Prasad’s writing considerably influenced the development of Indian poetry and drama. He was an ideologist of the Chhayavad romantic and symbolist trend in Indian poetry of the 1920’s and 1930’s. Prasad’s chief concerns were good and evil, man and nature, and reason and passion, all of which he examined from a religious, ethical, and philosophical standpoint. In his polemics with Buddhism, Hinduism, and Christianity, Prasad glorified love, which he considered the only true religion. He thought social evil eternal; hence the tragic view of existence permeating his work.

Prasad’s plays are mainly depictions of actual life. He created a form of psychological drama, relying principally on traditional Indian historical themes, in such plays as Ajatasatru (1922), Skandagupta (1928), and Chandragupta (1931).


In Russian translation:
“Zhaloba kamnia.” In Rasskazy pisatelei Vostoka. Leningrad, 1958.
[Short stories.] In Deti Indii. Moscow, 1959.
[Short stories.] In Rasskazy indiiskikh pisatelei, vol. I. Moscow, 1959.
“Odin glotok.” In N. A. Vishnevskaia, Indiiskaia odnoaktnaia drama. Moscow, 1964.

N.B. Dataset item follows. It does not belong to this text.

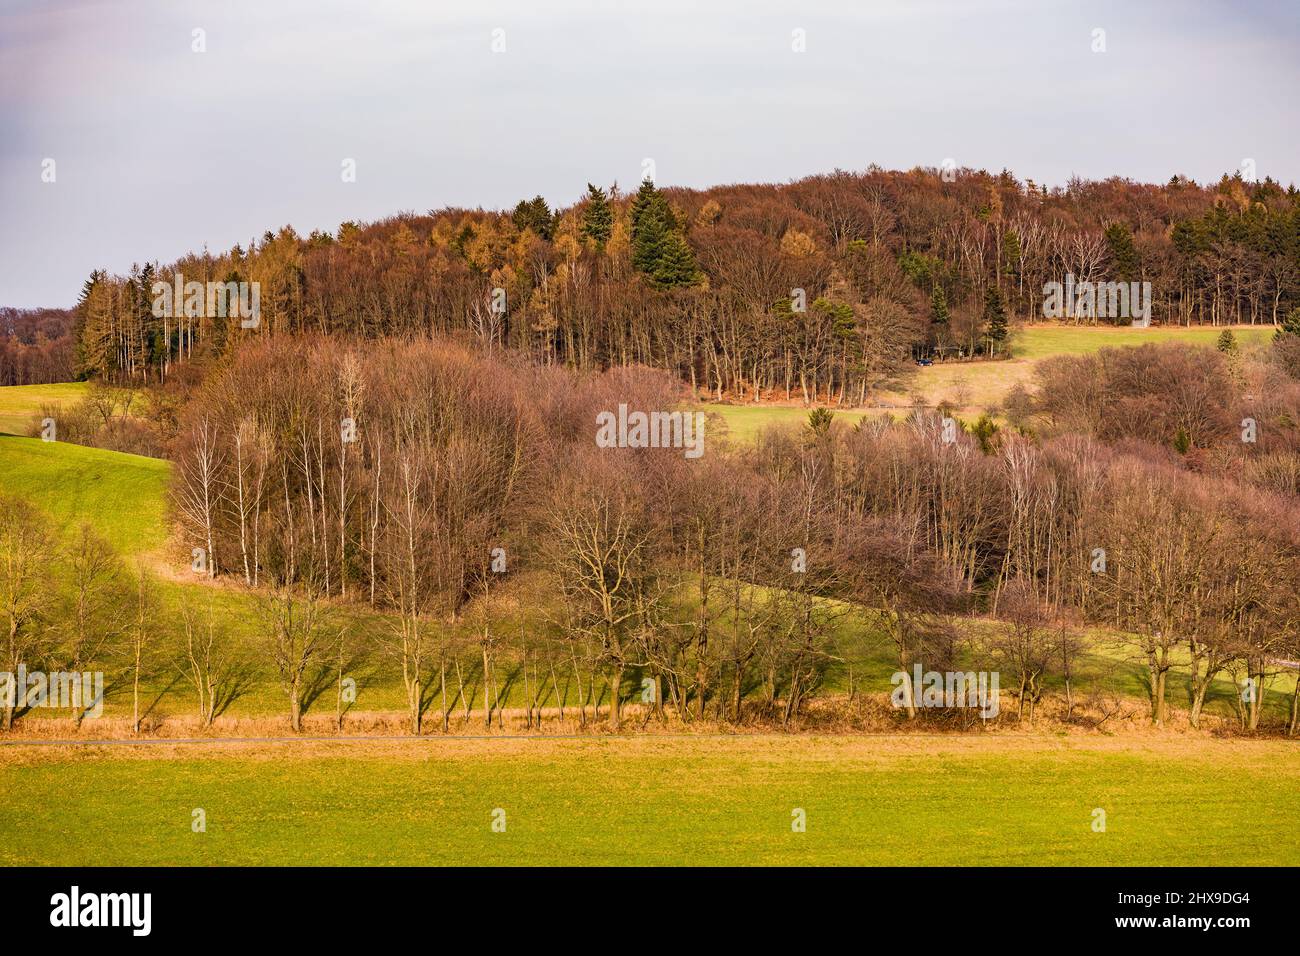 Paesaggio rurale con campi, alberi, boschi e cespugli nel sole d'inverno Foto Stock

Potabenko, S. “Dzhaishankar Prasad.” In Literatury Indii. Moscow, 1958.
Vishnevskaia, N. A. “Novoe poeticheskoe napravlenie v literature khindi —chkhaiavad.” In Problemy teorii literatury i estetiki v stranakh Vostoka. Moscow, 1964.
Adhikari Mahavir. Prasad ka jivan-darshan aur krititva. Delhi, 1955.
Gulabray. Prasadji ki kala. Agra, 1956.